MATERIAL PROVIDED ::
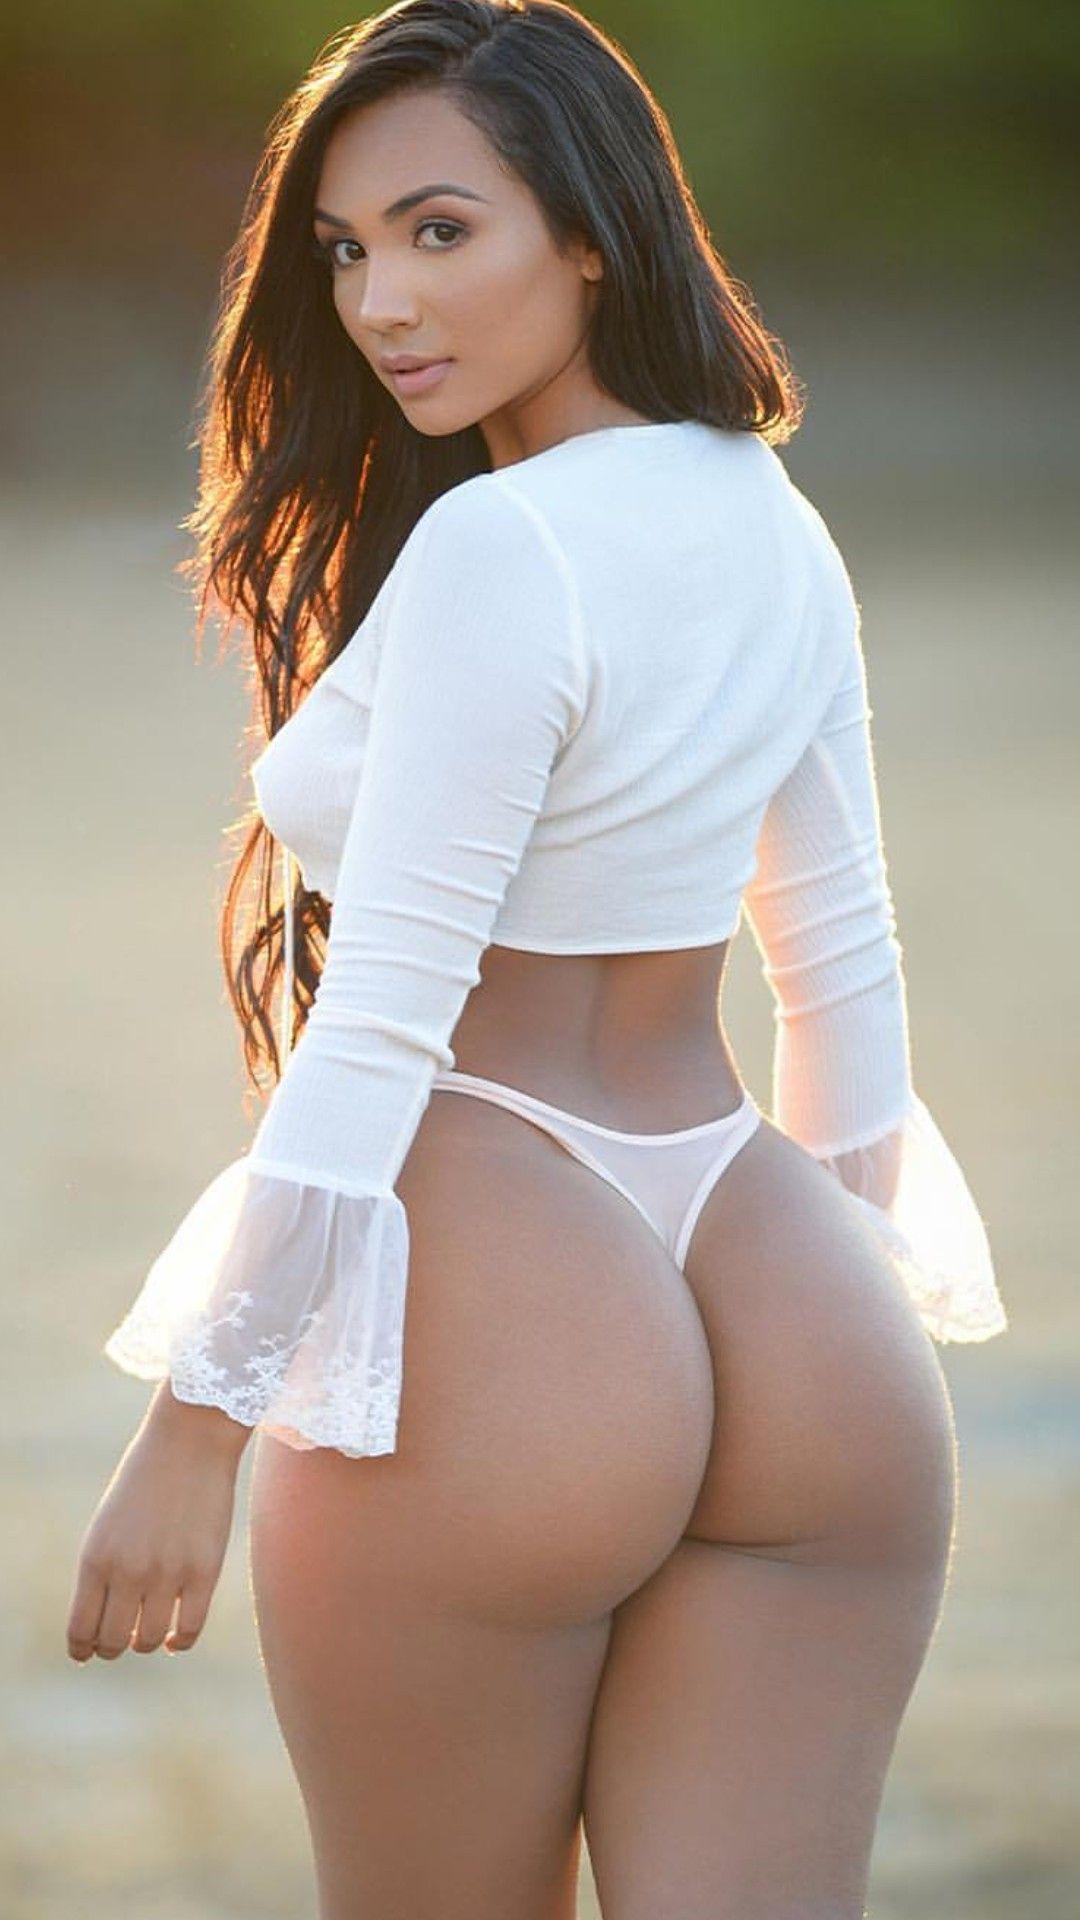 camila bernal | duże cycuszki | pinterest | curves, curvy and
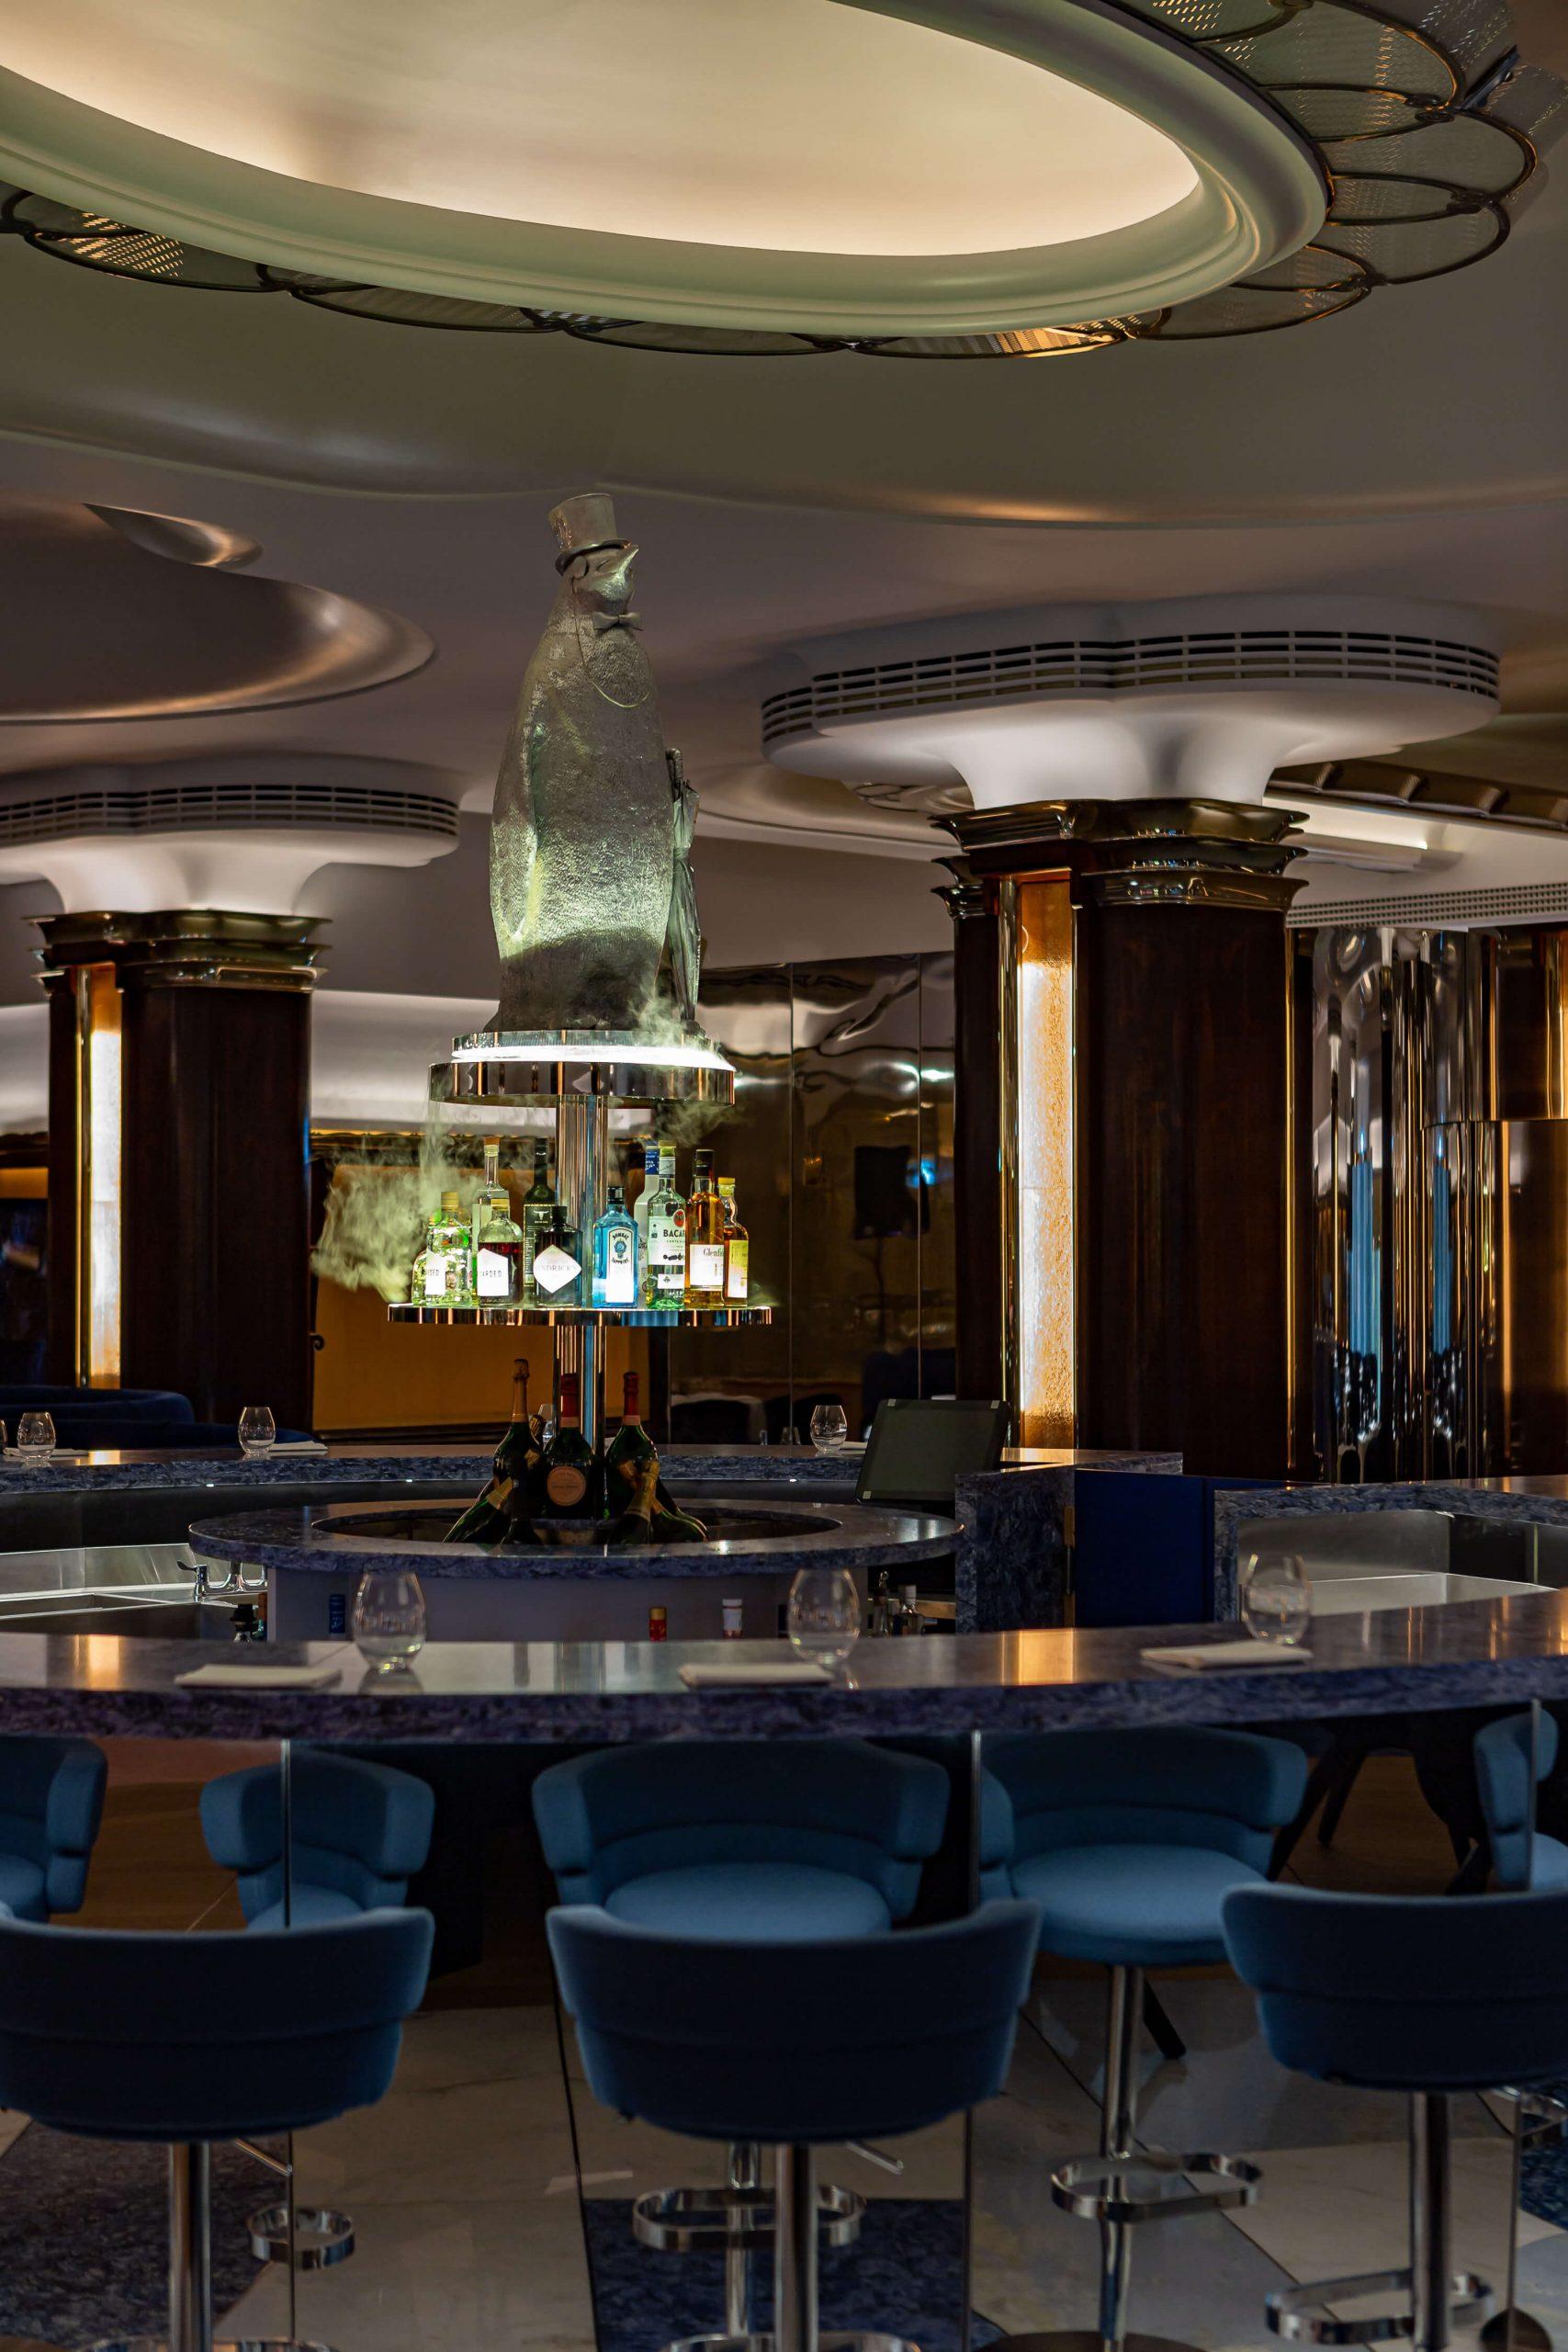 Iceberg Lounge Park Row London
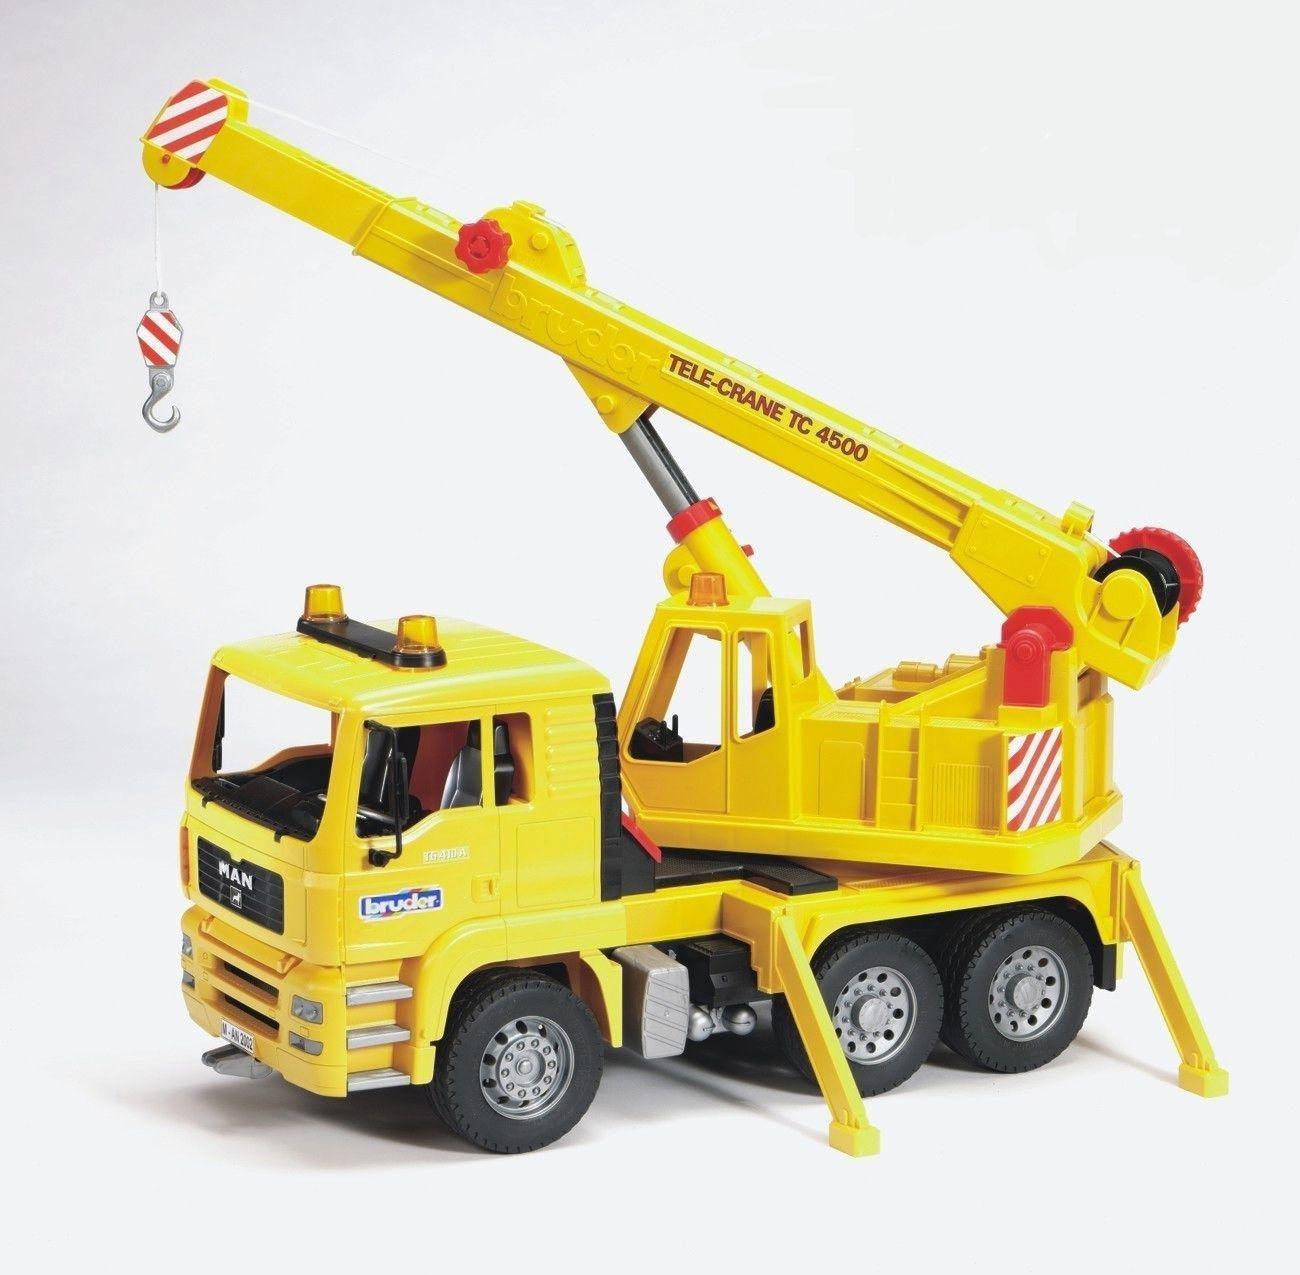 Image of Bruder 02754 MAN TGA Crane Truck.

EXERCISE PROMPT :: Leave the images out and give the rest of the data again exactly.

RESULT ::
 camila bernal | duże cycuszki | pinterest | curves, curvy and
 Iceberg Lounge Park Row London
 Image of Bruder 02754 MAN TGA Crane Truck.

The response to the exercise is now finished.